Along with a broken marriage, the occasional scrape with a jealous boyfriend, the relentless promiscuity did not make him content. Although he compared himself with the notorious Belgian writer George Simenon, he was not fulfilled. "Looking back, I didn't know any better. But what I did find out is it does not bring you happiness and it is not the way to be," he added.

The jury at the trial at Preston were not allowed to hear evidence of Roache's extraordinarily candid interviews. Trial judge Mr Justice Holroyde deemed the admissions too prejudicial and ruled the Morgan interview inadmissible evidence.

Instead the actor's counsel paraded a series of glowing character references from some of Coronation Street's most famous and long serving stars. Among them was Anne Kirkbride, who played his former on screen wife Dierdre.

In 1981 their fictional wedding was watched by more ITV viewers than tuned in a few days later to watch Charles and Princess Diana tie the knot. Ms Kirkbride described him as the "perfect gentleman" others spoke of his warmth and lack of starriness.

In 1990 Roache had sued The Sun over a story in which it was claimed he was as boring as his own screen character and not liked by fellow members of the cast.

He won but was left saddled with a six-figure legal bill after turning down a £50,000 payout by the newspaper. Roache married for a second time in 1978, settling down to a plush life in well-heeled Cheshire town of Wilmslow. Turning his back on the "sordid" past of casual sex, heavy drinking and smoking he became a Rolls-Royce driving pillar of the establishment although his legal travails eventually saw him declared bankrupt in 1999.

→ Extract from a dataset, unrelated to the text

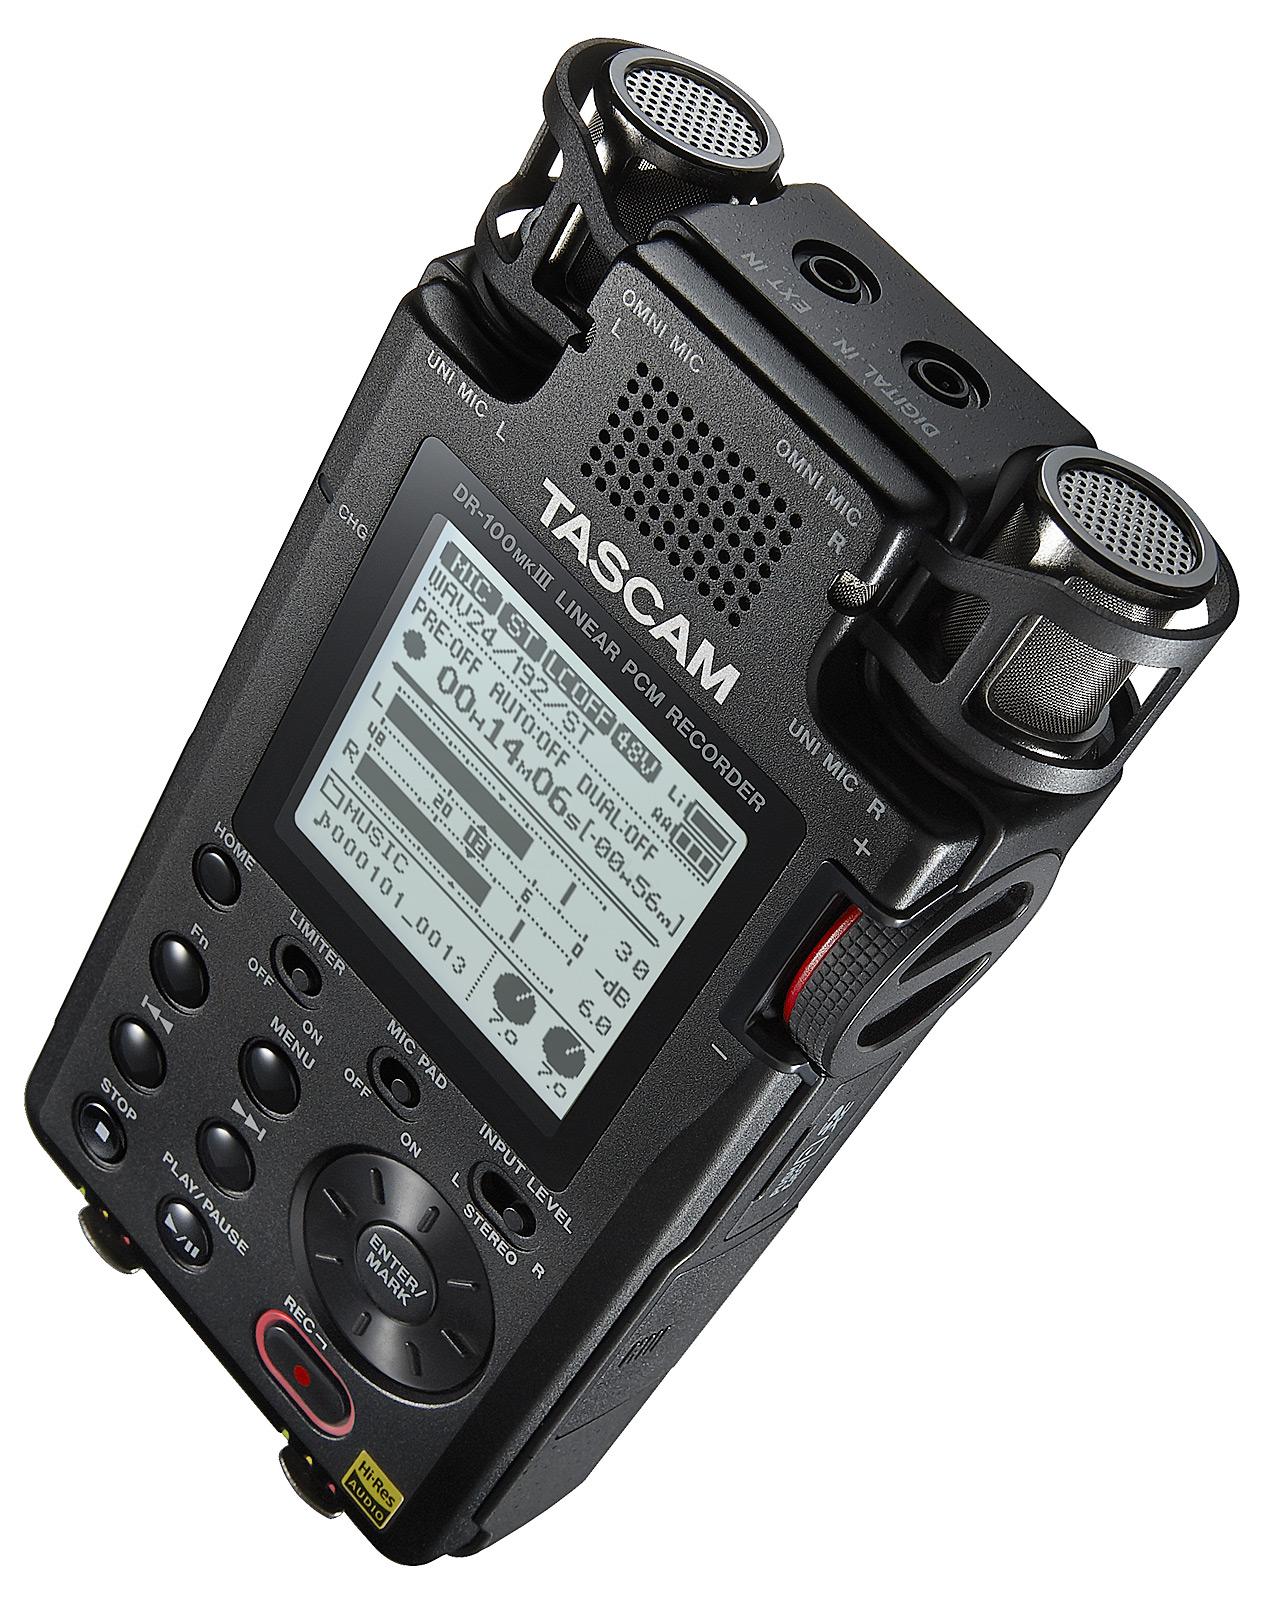 Image of   Tascam DR-100MK3 håndholdt stereo optager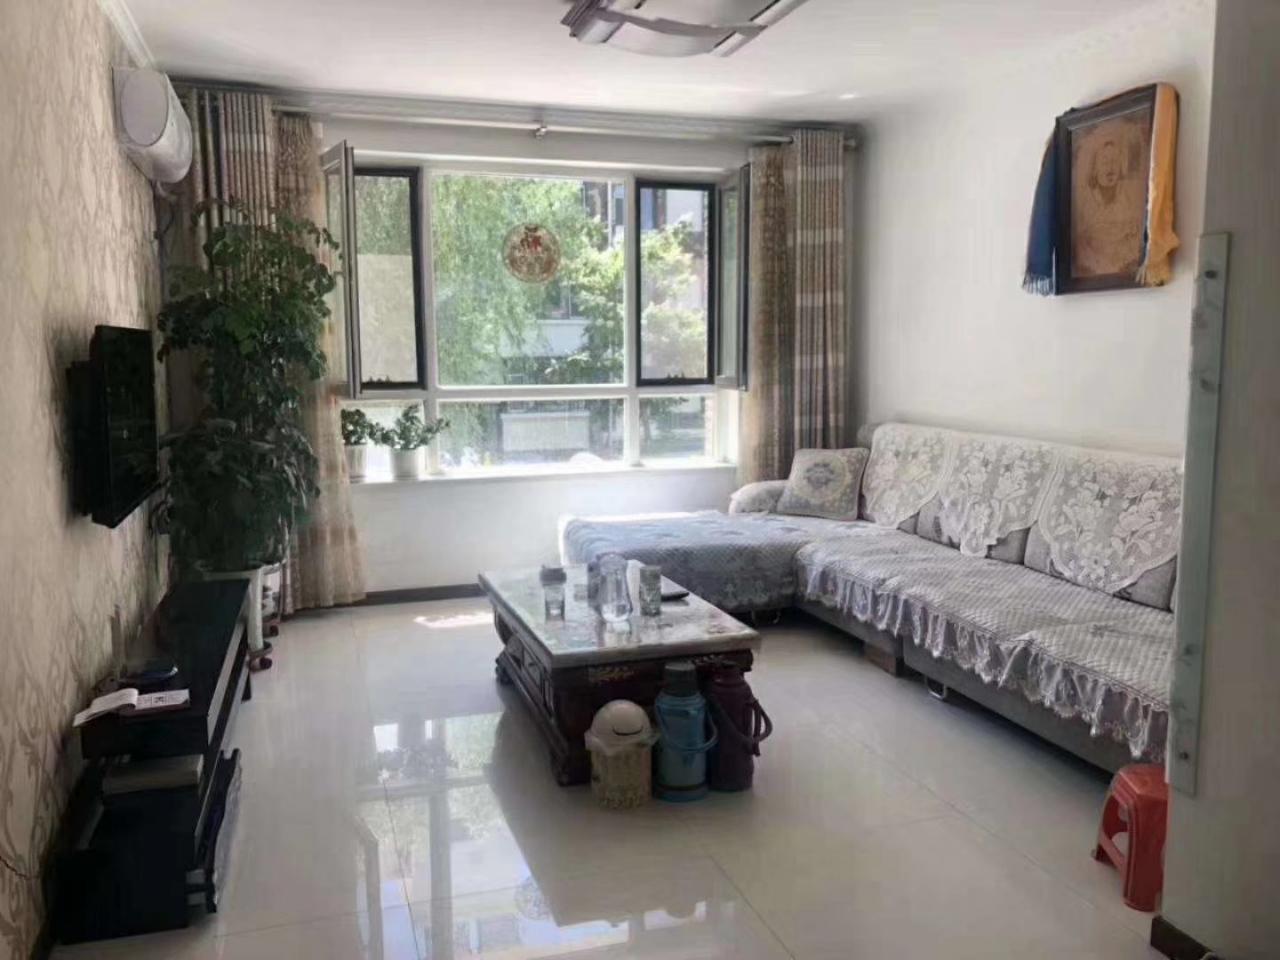 富麗春城西區(省力2樓)2室 1廳 1衛36萬元

A lifelong Conservative voter he offered unlikely support to MP Neil Hamilton at the 1997 general election when he fought and lost his Tatton seat to antis-sleaze rival Martin Bell. He was said to be close to his MP George Osborne and was invited by the Queen to mingle with celebrity guests at the rebuilt Windsor Castle.

The death of his young daughter and suddenly in 2007 his wife Sara, fuelled his spiritual interests and unshakeable belief in the afterlife attending monthly meetings at a local village hall to contact the dead through a medium.

During the case Roache maintained his views were little more than a benign fusion of Church of England and Buddhism.

A follower of the little known Pure Love Movement, in 2012 he had suggested that the 12 December would herald a new Golden Age for mankind.

On that date, he suggested the "earth would cleanse itself while material and negative things will collapse and cease to be". He was to return to the theme of "pure love" in the spring of the following year in a response to questions by a New Zealand television interviewer as he sought to explain the issues surrounding the case of co-star Michael LeVell who was then charged but later cleared of child sex offences. The programme and the surrounding news coverage was seen by the first of the complainants to come forward to police.

Roache denied suggesting that victims of abuse had brought the crimes on themselves. "If you accept that you are pure love, and if you know that you are pure love and therefore live that pure love, these things won't happen to you. Everything that happens to us has been a result of what we have been in previous lives or whatever," he said.

He also called for a new spirit of forgiveness as celebrities found themselves facing questions over past behaviour. Pop stars and celebrities who had had sex with underage girls should not be condemned, he suggested. "They don't ask for their birth certificates. They don't know what age they may be but they are certainly not grooming them and exploiting them. But they can be caught in this trap," he said.